Помню, когда-то мне было интересно, что значит летать на штурмовике. Теперь я это знаю. Это в точности то же самое, что ездить на автомобиле по дорогам Франции. То же самое. Поднимите седан на 33.000 футов. Оградите со всех сторон плексигласом. Управляйте рычагом и педалями поворота вместо баранки. Установите на приборной доске двадцать четыре прибора. Наденьте на себя серовато-зеленый комбинезон со множеством карманов плотно облегающий амортизирующий костюм на молниях белый шлем с затемненным стеклом кислородную маску пару черных сапог с белыми толстыми шнурками пистолет в кобуре под мышкой плотную зеленую летную куртку с кармашками для карандашей на левом рукаве пришейте название эскадрильи и свое имя на куртку напишите свое имя на шлеме наденьте парашют пристегните аварийный комплект кислород микрофон аварийный карабин пристегните себя привязной системой и ремнем безопасности к креслу с желтыми подлокотниками и спусковым крючком и полетайте над холмами проделывая восемь миль в минуту смотрите сверху как справа растет стена облаков следите за стрелками и указателями говорящими где вы на какой высоте и как быстро передвигаетесь. Летать на штурмовике – это в точности то же самое, что ездить на автомобиле по дорогам Франции.
Мой самолет и я, с тех пор как мы покинули взлетно-посадочную полосу авиабазы в Уэзерсфильде, уже находимся в воздухе 31 минуту. С тех пор как мы впервые встретились в авиации Национальной гвардии, мы вместе уже 415 летных часов. Летчики-штурмовики не находятся в кабинах своих самолетов и десятой части того времени, что летчики транспортных самолетов. Полет в одномоторном самолете редко длится дольше двух часов, и новые маши ны сменяют старые модели через каждые три или четыре года, даже в Гвардии. «F-84F» и я, мы летаем вместе довольно долго по меркам штурмовой авиации. Мы изучили друг друга. Моя машина оживает от прикосновения моей перчатки, и за то, что я даю ей жизнь, она слушается меня и отдает мне свою силу, выражая тем самым любовь.
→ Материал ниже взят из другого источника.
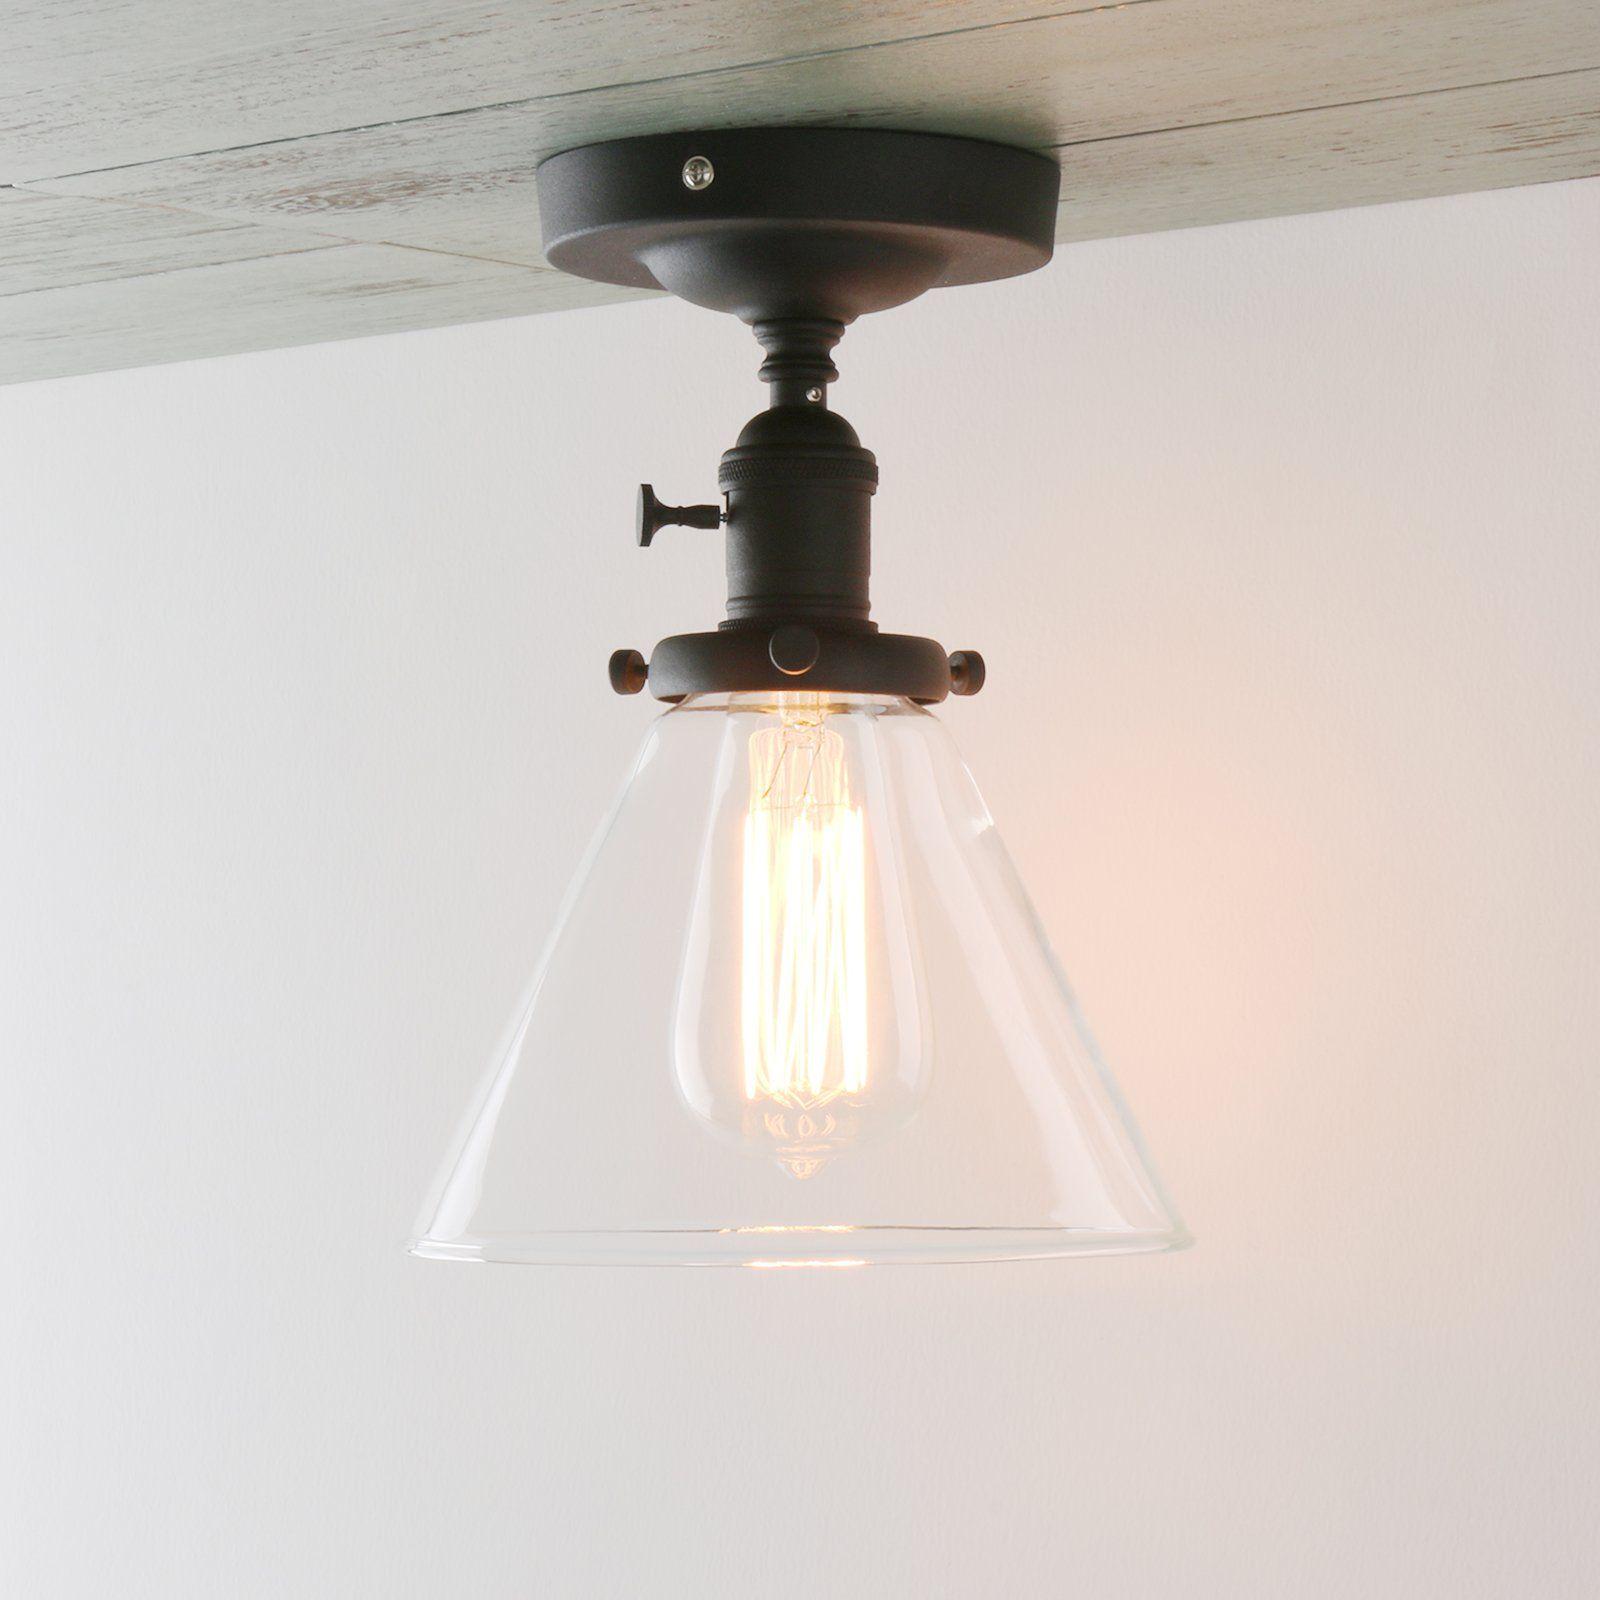 Permo Vintage Industrial Semi Flush Mount Ceiling Light Fixture Pendant Lig Flush Mount Ceiling Lights Flush Mount Ceiling Light Fixtures Bedroom Ceiling Light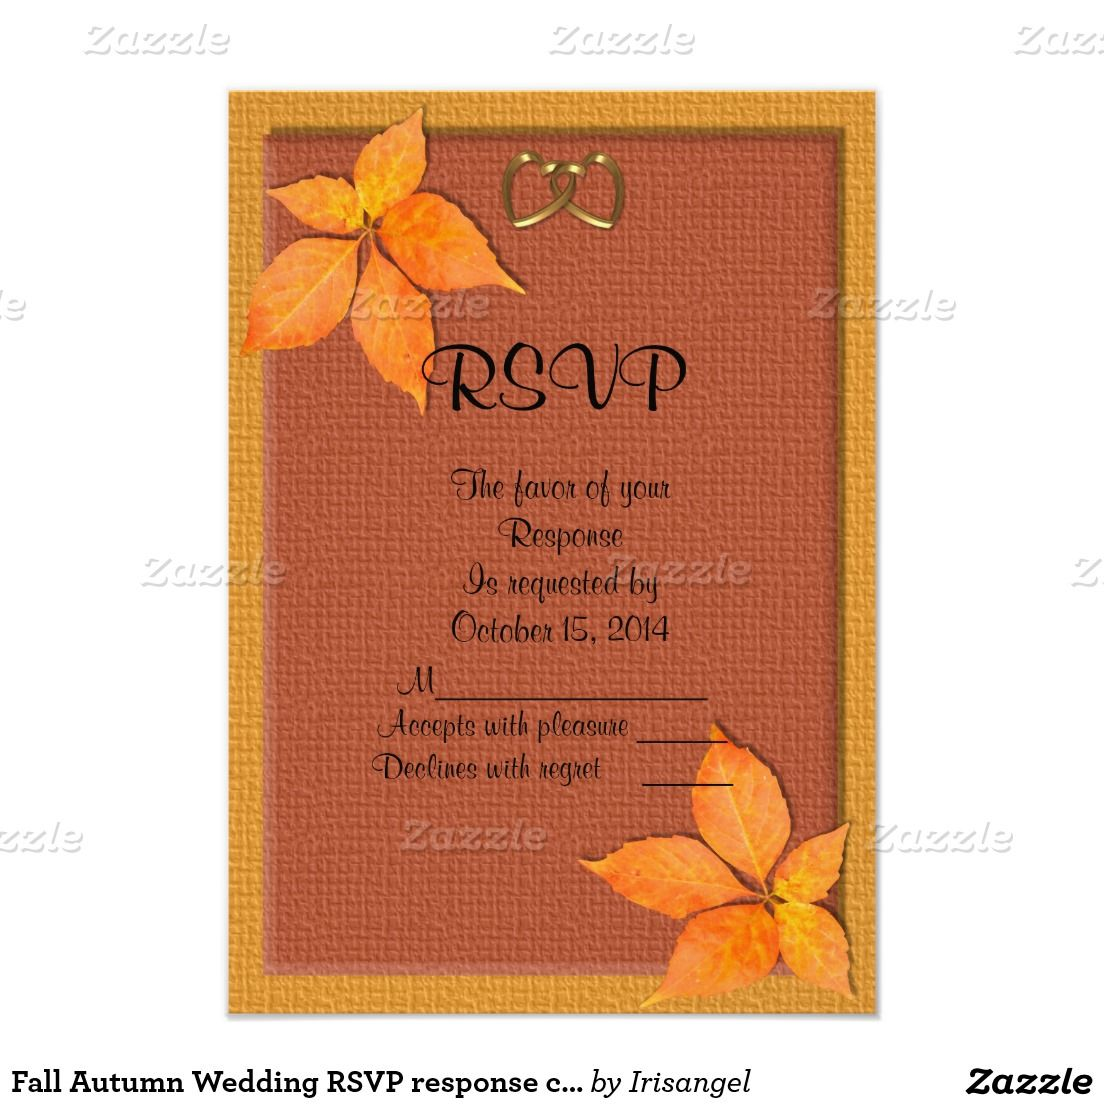 Fall Autumn Wedding RSVP response card | Response cards, Wedding ...

Я хочу лететь высоко над облаками, и она охотно протягивает за нами вымпел – извивающийся туннель серого цвета. Для тех, кто смотрит с земли, туннель серого цвета – это белый сияющий инверсионный след, и мир видит, по черте на голубом фоне, что мы летим очень высоко.
Я хочу лететь низко. Рев, вспышка, мелькание стреловидных крыльев – это мы проносимся над лесистой долиной. Возмущенный нами воздух шелестит верхушками деревьев, и все очертания мира за стеклом кабины смазаны, зафиксирована лишь одна точка: прямо впереди, на горизонте.
Нам нравится наша совместная жизнь.
Иногда, в часы досуга, я задумываюсь о своей жизни и спрашиваю, откуда эта страсть к скорости и к бреющим полетам. Ведь, как сказал мне один старый инструктор, можно делать в самолете что угодно, без малейшей опасности, если только не находишься вблизи земли.
Летчиков убивает соприкосновение с землей, с этим гнетуще-твердым другим миром. Так зачем же мы просто из удовольствия летаем низко и быстро? Зачем бочки над землей после захода на танки во время учений? Какой силой притягивает к себе мост, в чем заключается этот постоянный немой вызов, который каждый мост бросает каждому летчику, предлагая попробовать пролететь под ним и остаться в живых?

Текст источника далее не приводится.